DVGM contains (at least) the following vulnerabilities:
- SQL Injection
- Cross-Site Scripting (XSS)
- DOM Based XSS / Client Side XSS
- Missing server-side input validation
- Insecure HTTP Headers
- Vulnerable dependencies
We have tried many different tools to automatically find the vulnerabilities, and found the following tools to work best for this kind of application. While none of them finds all contained vulnerabilities, together they cover a reasonable amount:
Damn Vulnerable Grade Management implements a simplistic system for managing university grades. Students can upload assignments (pdf), view their grades for their assignments and lectures, download their grades as reports, and add comments to the grades which can be viewed by lecturers. The application knows three roles: admins, lecturers, and students.
- Admins can create new students, lecturers, and other admins. Admins can create new lectures, held by any lecturer. Admins can also create, view, and edit new grades for all lectures and students and can create, view, and edit comments.

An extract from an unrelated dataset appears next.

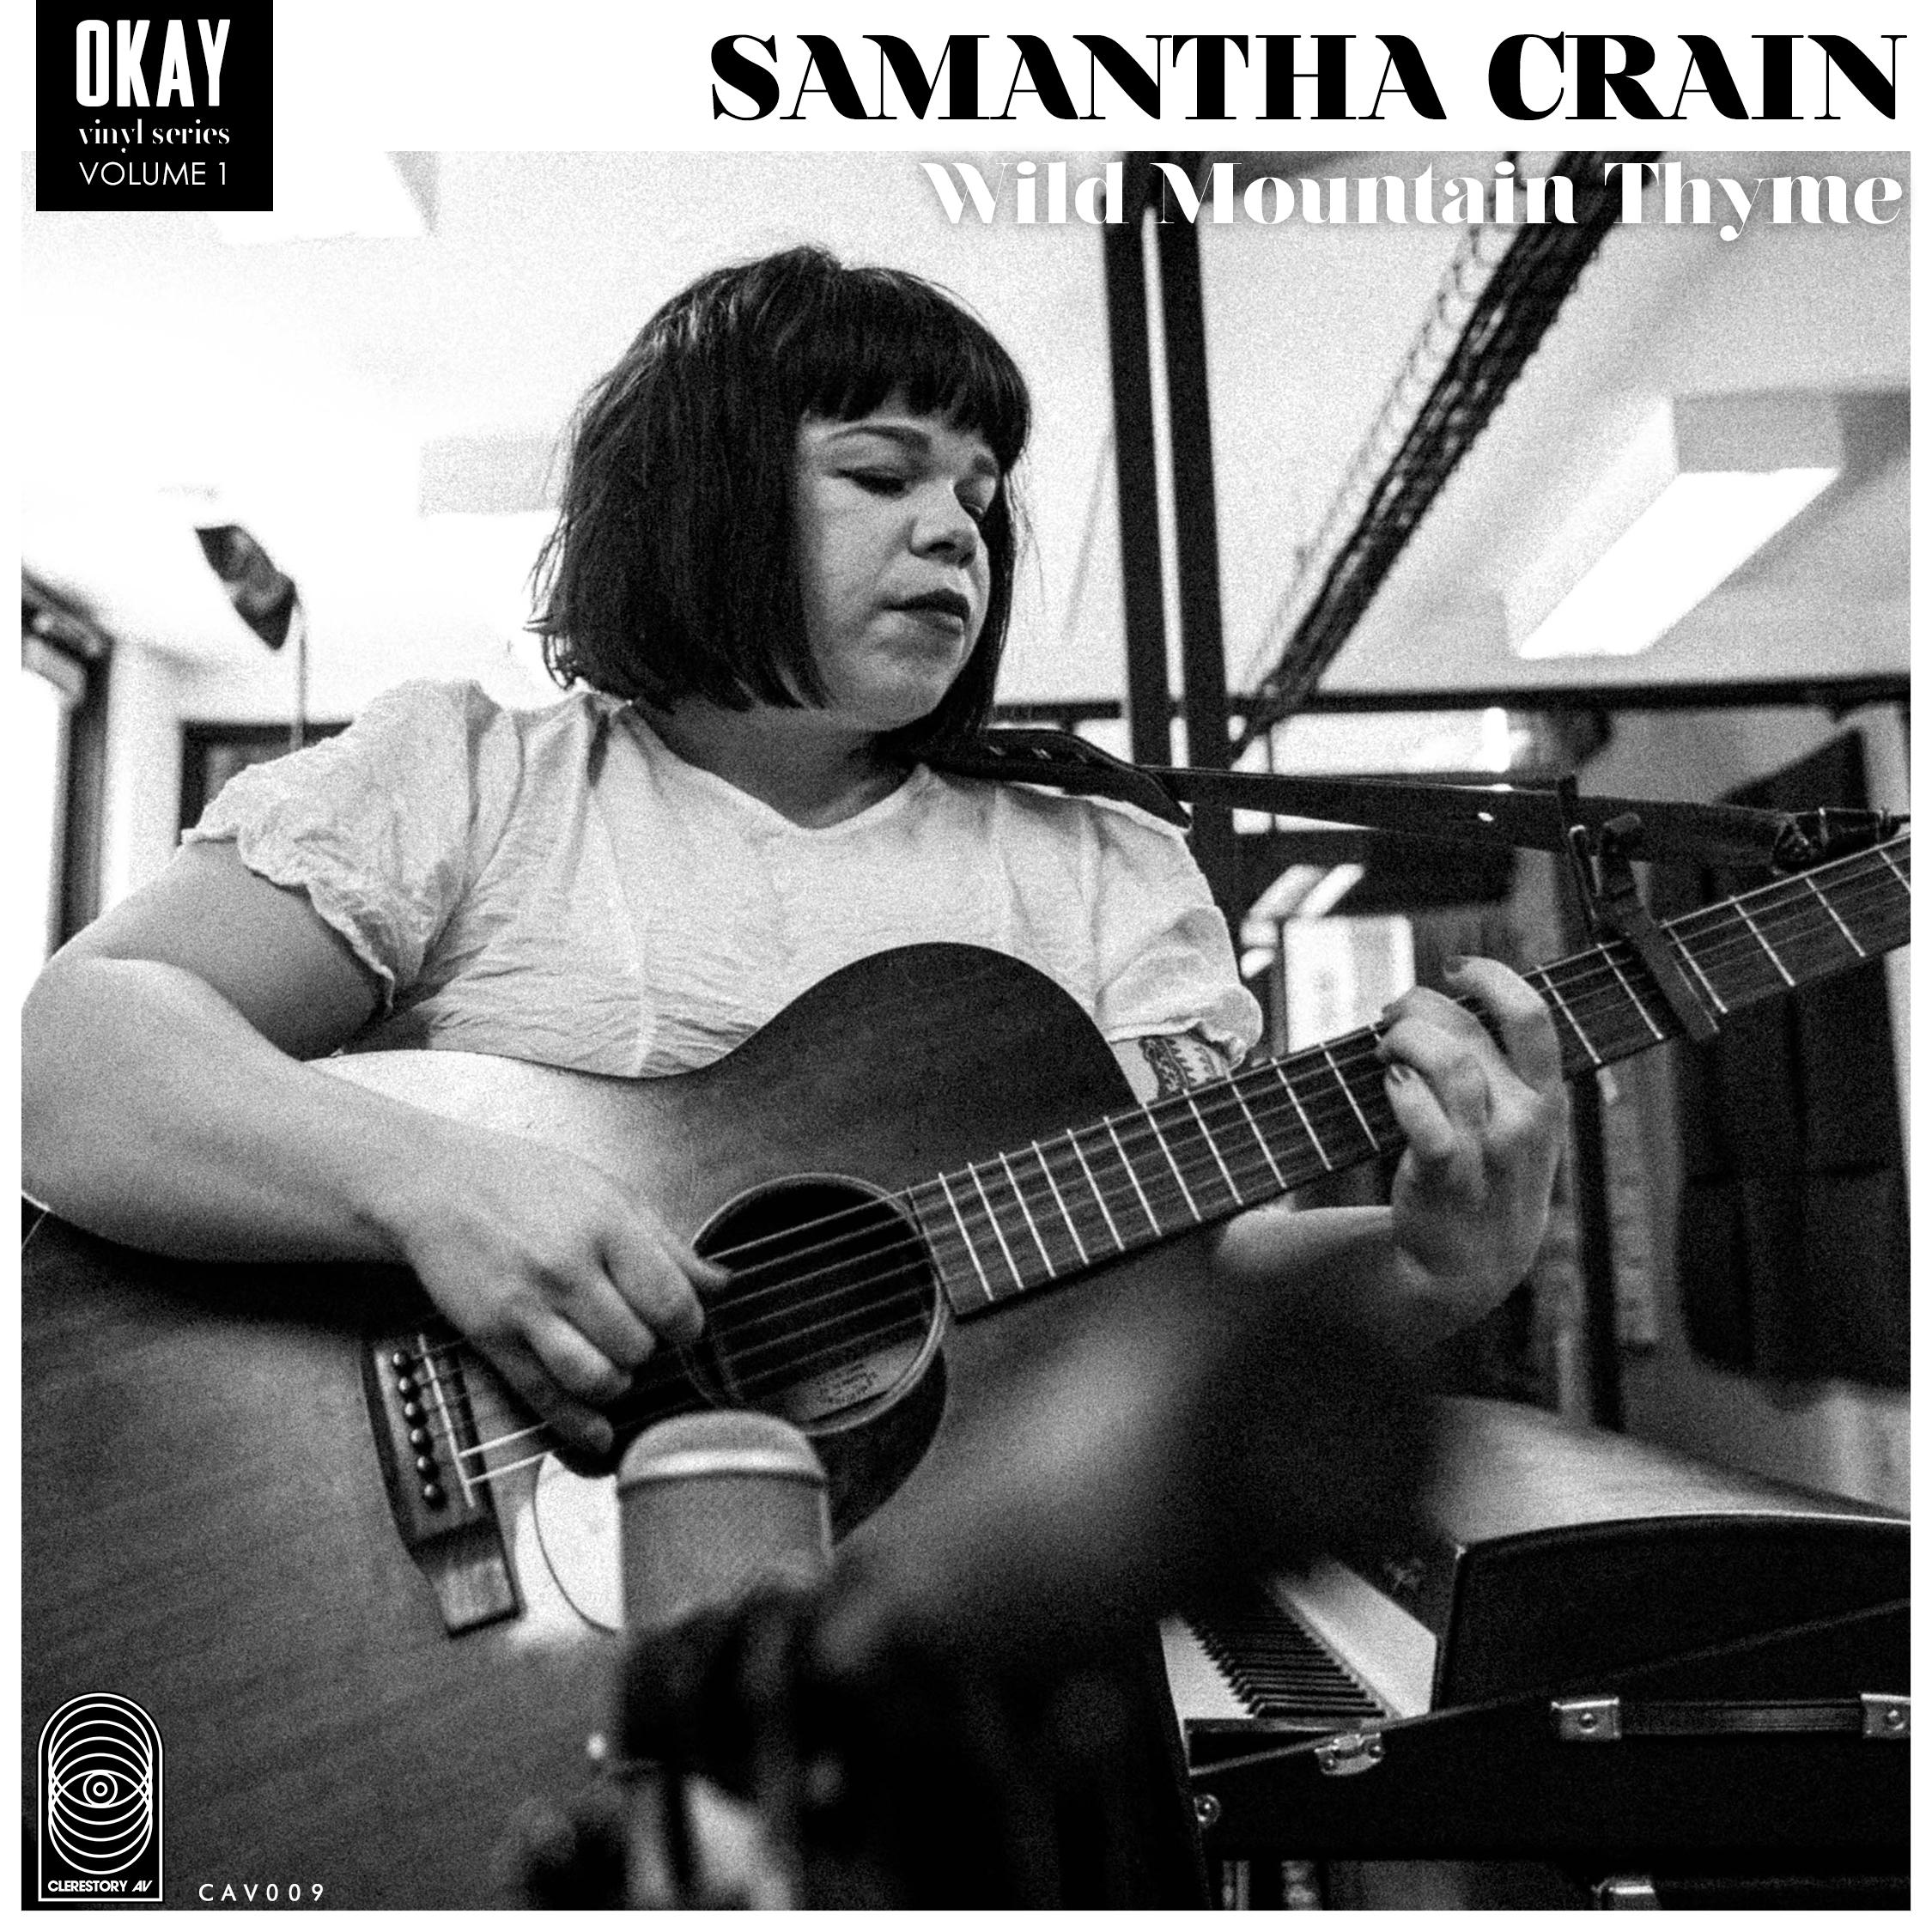 SAMANTHA CRAIN / OKAY Vinyl Series Vol. 1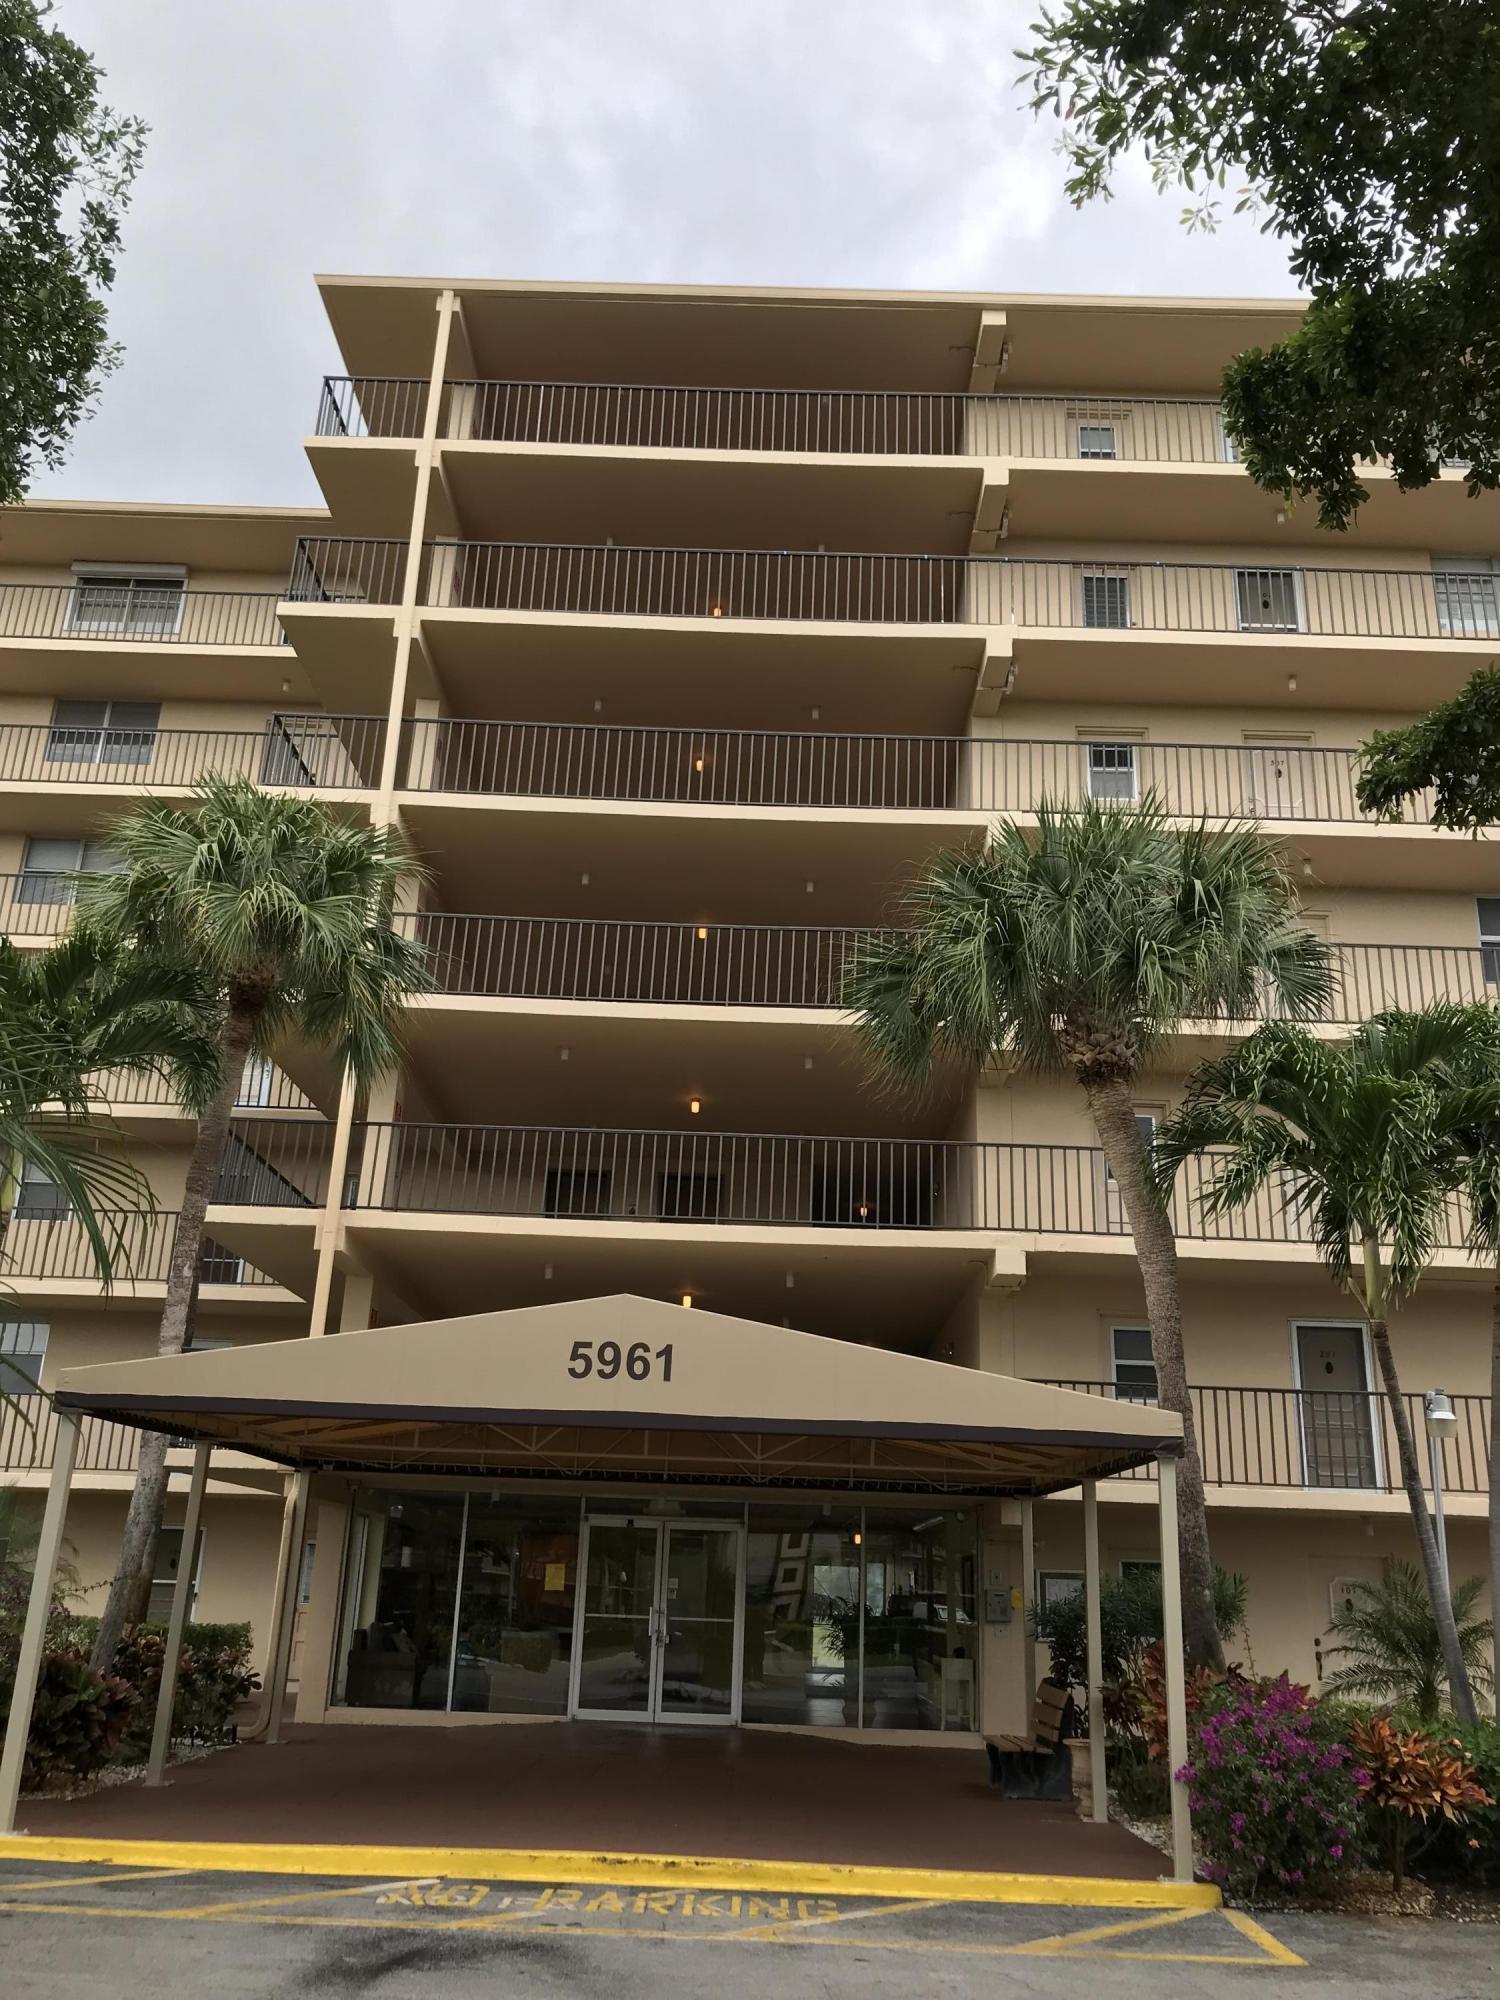 5961 Nw 2nd Avenue #507 Boca Raton, FL 33487

- Lecturers can create new students. They can also create new lectures that are being held by them. Lecturers can can view grades for all students, but only enter new grades for their own students. Lecturers can see comments for all grades, but can not change any.
- Students can upload assignments (pdf). They can also view and comment on their grades for their assignments and overall lectures. For their convenience, they have the ability to filter their grade list by a lecturer name.
- All roles are able to log into the system. They can also reset their password by providing the answer to their chosen security question.
You are Peter, a student and you can log in with peter
as username and
football
as password. Try and see how much information/control you can gain!
- Ruby 3.1 (and Raild 7) and bundler
The repository can be cloned as usual:
git clone https://git.logicalhacking.com/BrowserSecurity/DVGM.git
Note, if you authorized to access the confidential solutions of the exercises for DVGM, you can obtain them by executing
git submodule update --init --recursive
After cloning the repository, install the dependencies; bundle
will install
all dependencies automatically into a project-local directory:
cd DVGM
bundle install --path vendor/bundle
bundle config set --local path 'vendor/bundle'
RAILS_ENV=development bin/rake db:populate
RAILS_ENV=production bin/rake db:populate
To make exploration of the app a bit easier, we run DVGM in development mode. This means that
- on errors, rails will return a detailed debug page, and
- changed source files will automatically be picked up, without needing to restart the server (useful for seeing if your fixes work).
Now, start the server:
bin/rails server
Now, open your browser, go to http://localhost:3000, and start exploring!
This project is licensed under the GPL 3.0 (or any later version).